Nutrient Comparison: Snacks, sesame sticks, wheat-based, unsalted VS Tomato Paste per 100 g
Compare the macro and micronutrient content in 100 g of Snacks, sesame sticks, wheat-based, unsalted versus 100 g of Tomato Paste to make informed dietary choices. Explore their nutritional differences and benefits.
Lets compare vitamin content per 100 grams of Snacks, sesame sticks, wheat-based, unsalted vs Tomato Paste:
- 100 grams of Snacks, sesame sticks, wheat-based, unsalted have 2.1 times more Vitamin B1, 1.6 times more Vitamin B5 and 1.8 times more Vitamin B9 than Tomato Paste.

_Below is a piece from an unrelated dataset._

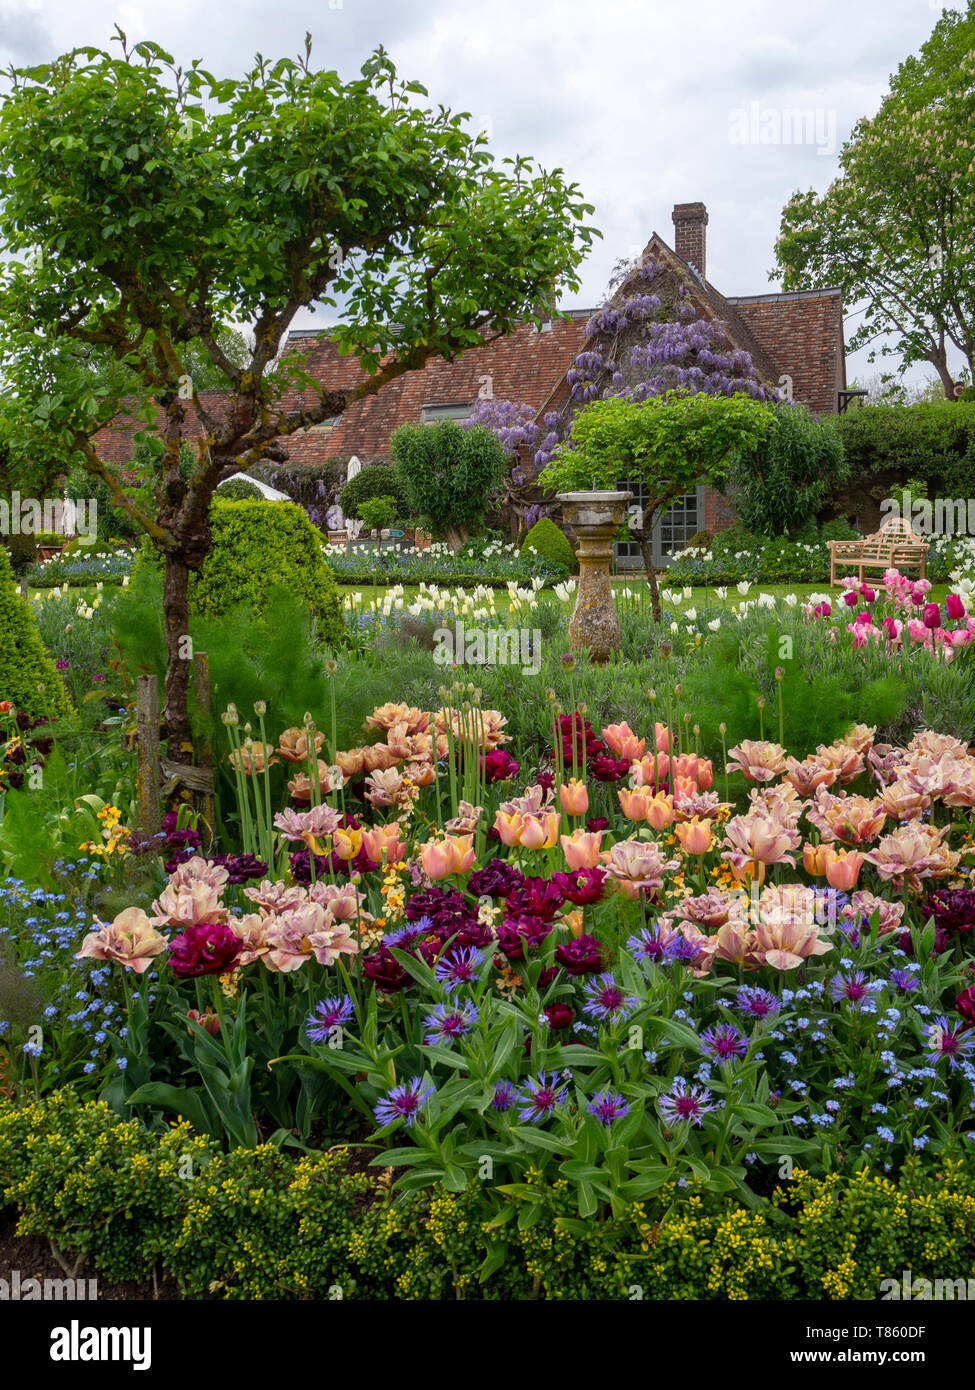 Chenies Manor Gardens in early May featuring La Belle Epoque tulips mass planted with Antraciet tulips and foliage. Portrait view with old buildings. Stock Photo

- While 100 g of Canned Tomato Paste contain 19 times more Vitamin A, 2.4 times more Vitamin B2, 2 times more Vitamin B3, 2.5 times more Vitamin B6 and more Vitamin C than Snacks, sesame sticks, wheat-based, unsalted.
- 100 grams of Snacks, sesame sticks, wheat-based, unsalted have insufficient amounts of Vitamin A and Vitamin C
- Both Snacks, sesame sticks, wheat-based, unsalted as well as Canned Tomato Paste have insufficient amounts of Vitamin B12 in 100 grams.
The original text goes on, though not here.